Quand il parle de la naissance de sa fille Billie, en août 2025, les yeux de Baptiste s’illuminent : « Découvrir ce petit être que l’on a attendu pendant neuf mois, c’était vraiment incroyable. Il n’y a rien qui est comparable à ça, j’étais trop ému. » Cet homme de 39 ans, casquette rose sur la tête et sourire large, a l’air de quelqu’un qui a vécu un basculement aussi doux qu’effarant.

Sa fille Billie est née en août 2025. Il a 39 ans et a pris deux mois et demi de congé paternité.

Un congé aménagé qui révèle l’apprentissage

En s’arrangeant avec sa hiérarchie, ce conseiller dans l’informatique a pu rester à la maison deux mois et demi. Les premières semaines ont été « magiques », dit-il, mais le charme n’a pas tenu face à la fatigue accumulée.

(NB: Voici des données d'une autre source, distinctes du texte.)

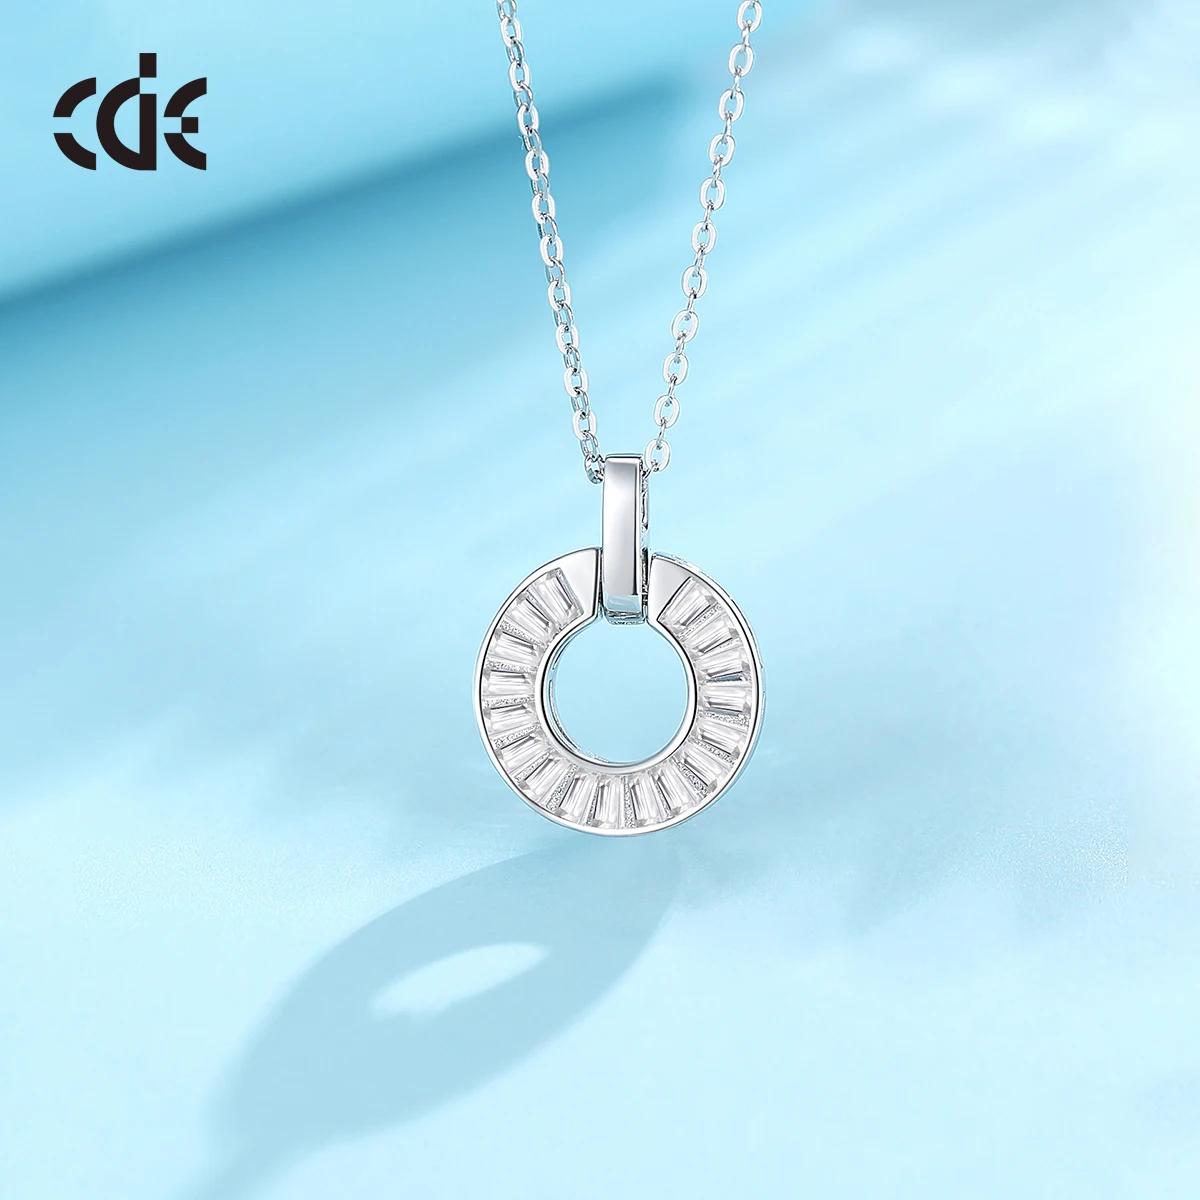 CDE WYN2 Fine 925 Sterling Silver Jewelry Necklace Wholesale Rhodium Plated Chain Pink 5A Cubic Zirconia Pendant Necklace

À force de nuits hachées et de gestes répétés, l’excitation de la naissance s’est muée en conscience aiguë d’une réalité : être père s’apprend. « Là, j’ai réalisé que ma vie avait changé, qu’il fallait que j’apprenne à être père, mais c’est dur, ce n’est pas inné. »

Reprendre le travail, retrouver un rythme et sa légitimité

Le retour au travail a cristallisé ce changement. Reprendre un poste avec des deadlines après des semaines consacrées aux biberons et aux câlins, c’est perdre un rythme et devoir en composer un autre — souvent sans mode d’emploi.

Pour Baptiste, comme pour beaucoup, la paternité révèle des tensions silencieuses : culpabilité de quitter l’enfant, épuisement physique, et le besoin de se sentir légitime dans ce rôle nouveau. Il le dit sans détour : on ne naît pas parent, on le devient, et parfois lentement.

Les rencontres entre pères comme ressource collective

C’est précisément ce que cherchent à combler des rencontres informelles entre pères : échanger, partager les petites astuces, et surtout se rendre compte qu’on n’est pas seul. Parler des nuits difficiles, des poussées dentaires ou de la gestion du travail et de la maison, cela permet de transformer le sentiment d’isolement en ressources concrètes.

Pour beaucoup, entendre d’autres hommes dire « moi aussi j’ai galéré » suffit à dédramatiser et à trouver des solutions pratiques.

Baptiste n’a pas de recette miracle. Il insiste plutôt sur la nécessité d’un peu de temps et de bienveillance — envers soi d’abord, puis envers l’enfant. « Les premières semaines étaient magiques », répète-t-il, mais il veut aussi que l’on reconnaisse la part sombre de cet apprentissage : la fatigue, le doute, la reconquête d’un équilibre. Ce que montrent ses mots, et ce que confirment les rencontres entre pères, c’est qu’apprendre à être parent est un chantier collectif autant qu’intime.